### Stored data
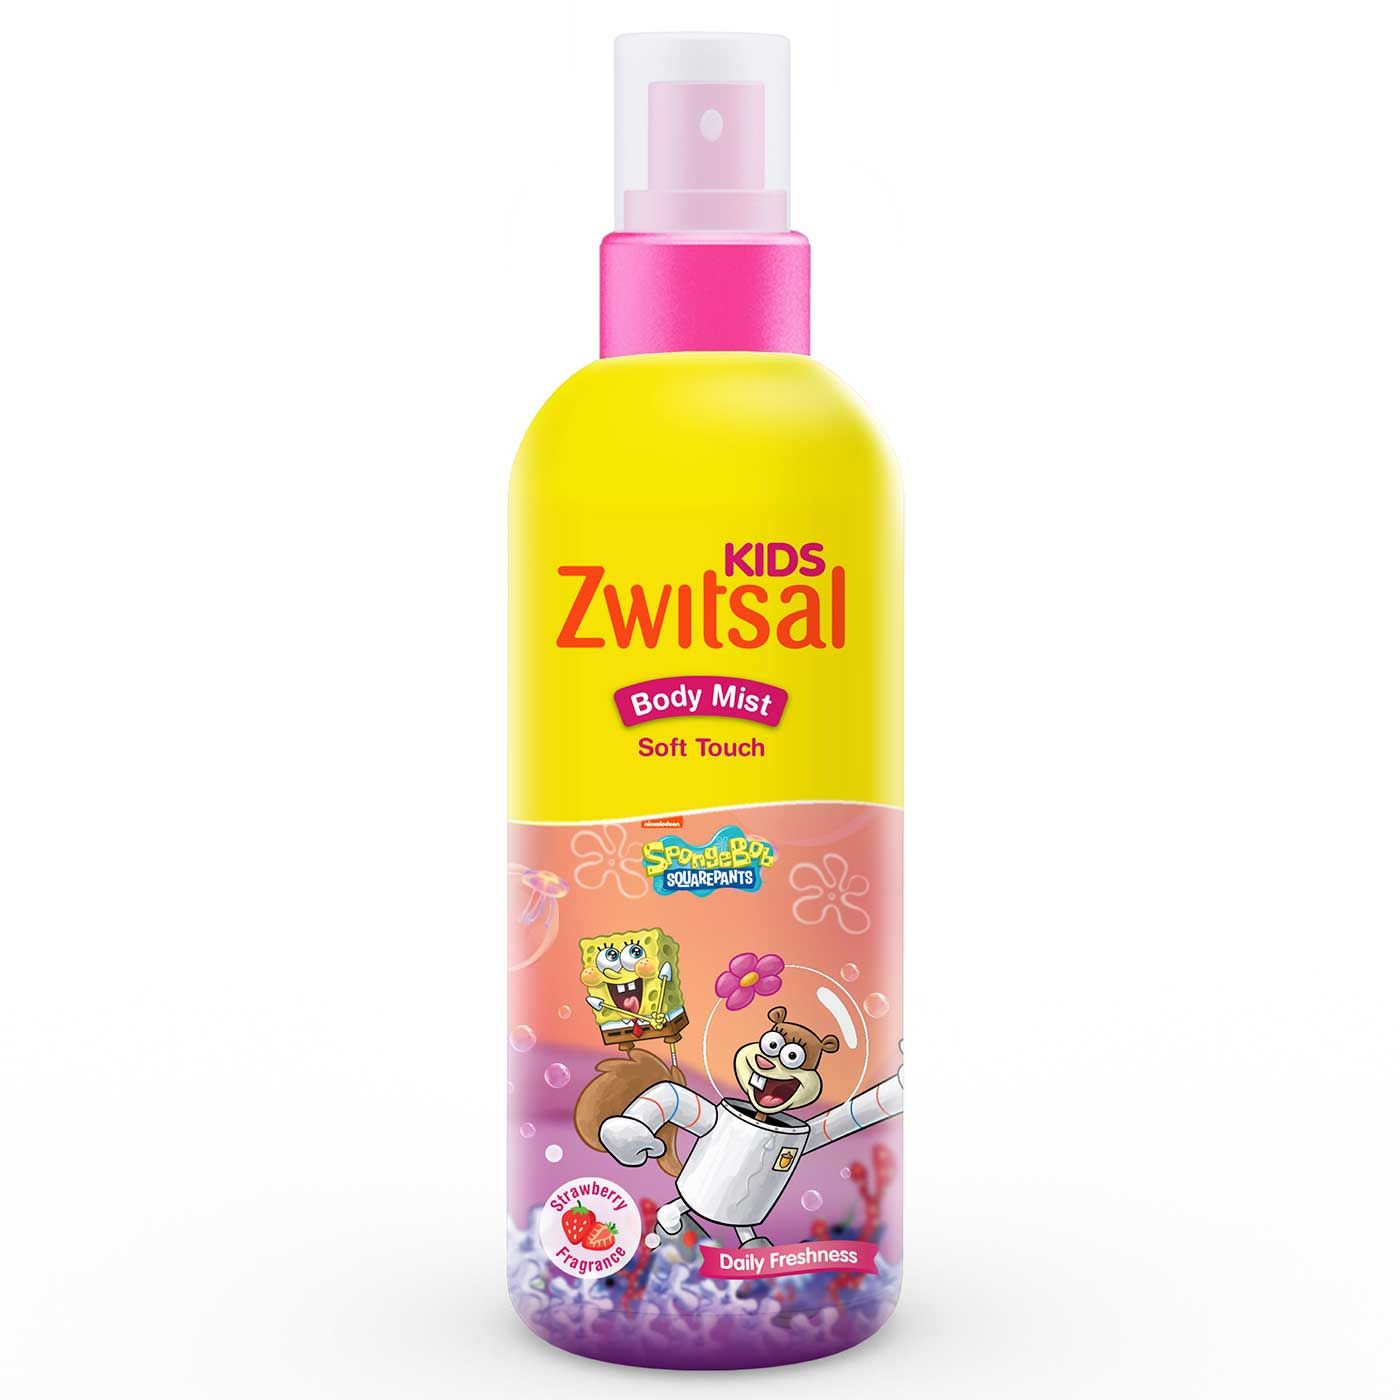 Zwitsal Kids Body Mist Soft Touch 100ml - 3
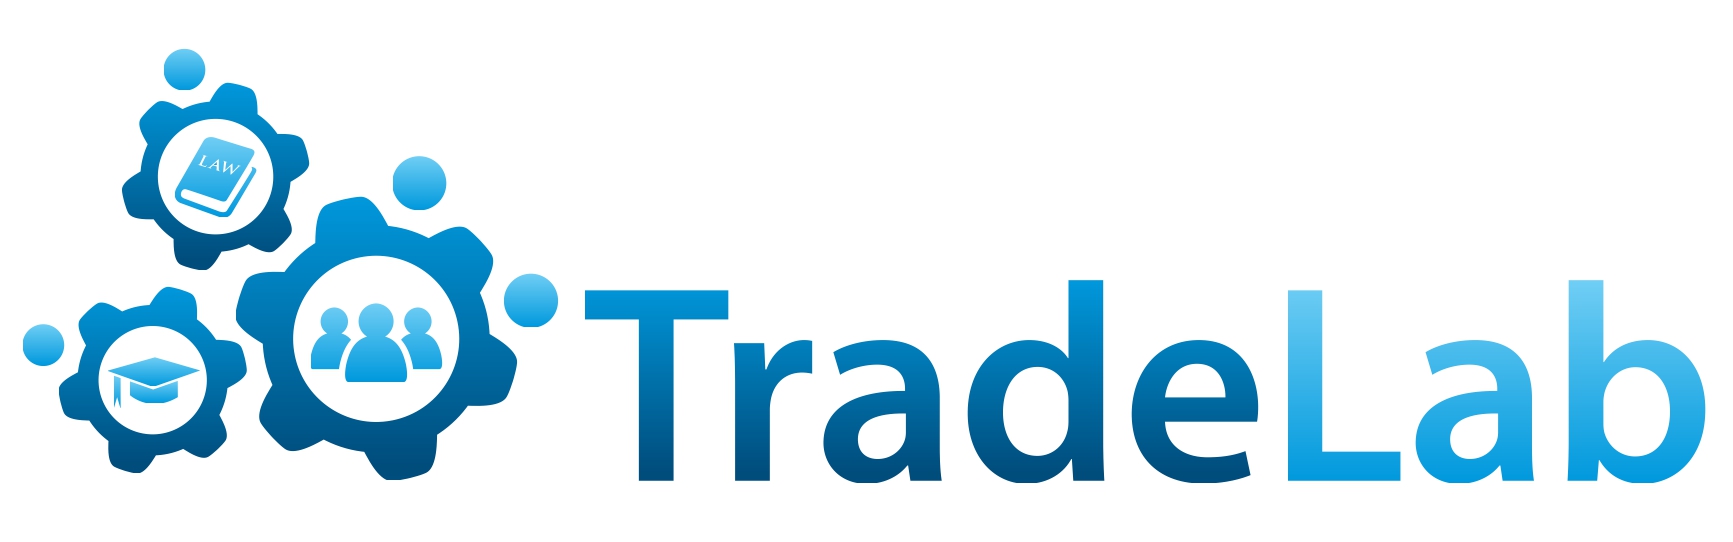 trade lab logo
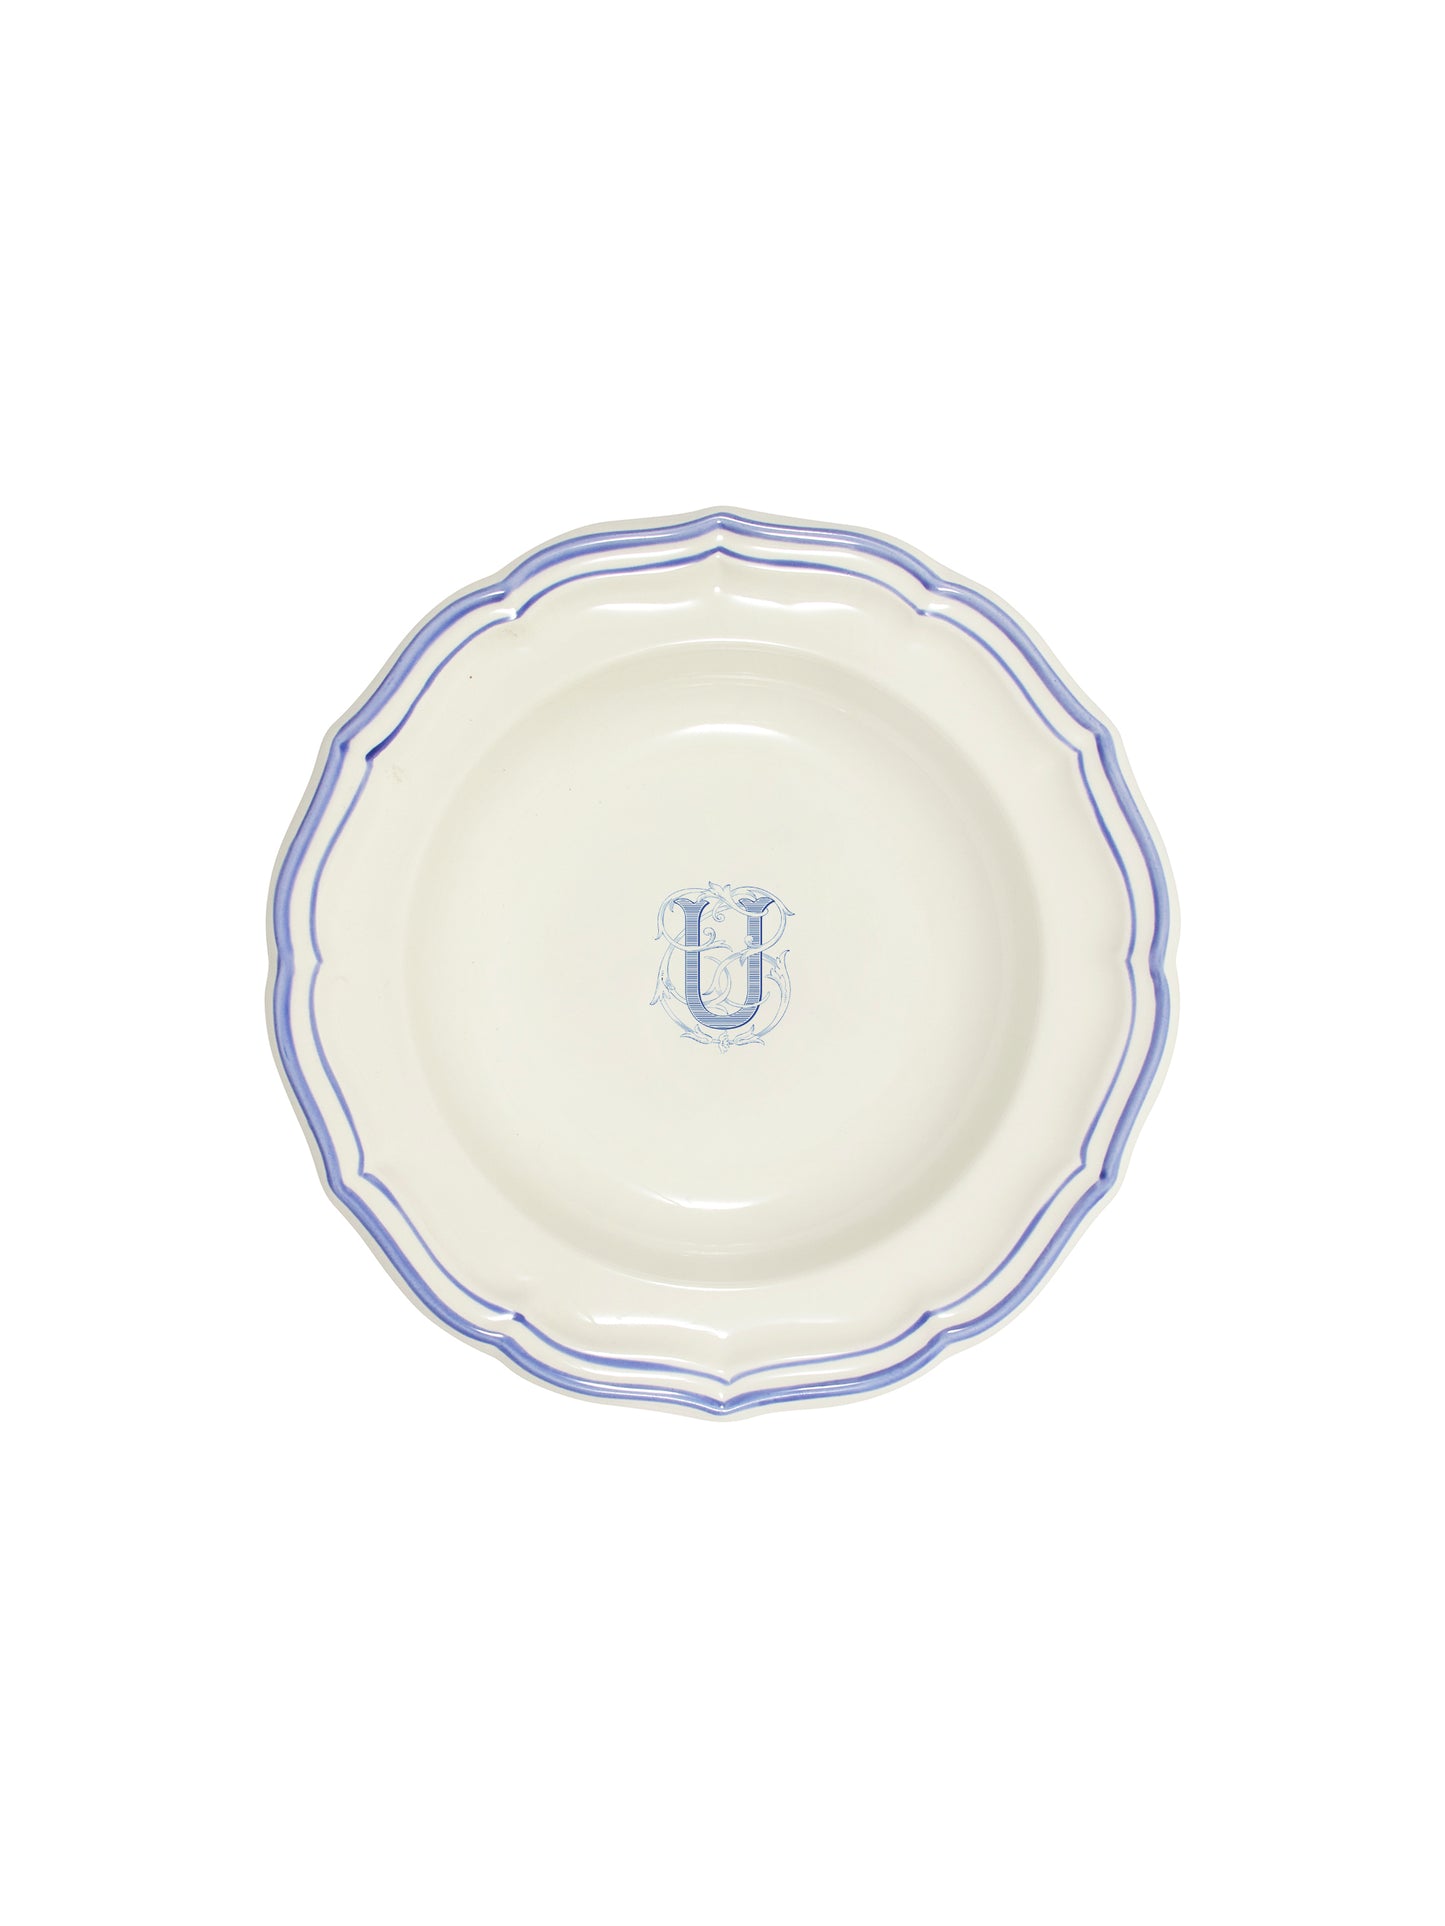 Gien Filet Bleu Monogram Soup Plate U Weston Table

### The problem
Your answer must be the full listing, word for word, minus any images.

### Answer box
 Zwitsal Kids Body Mist Soft Touch 100ml - 3
 trade lab logo
 Gien Filet Bleu Monogram Soup Plate U Weston Table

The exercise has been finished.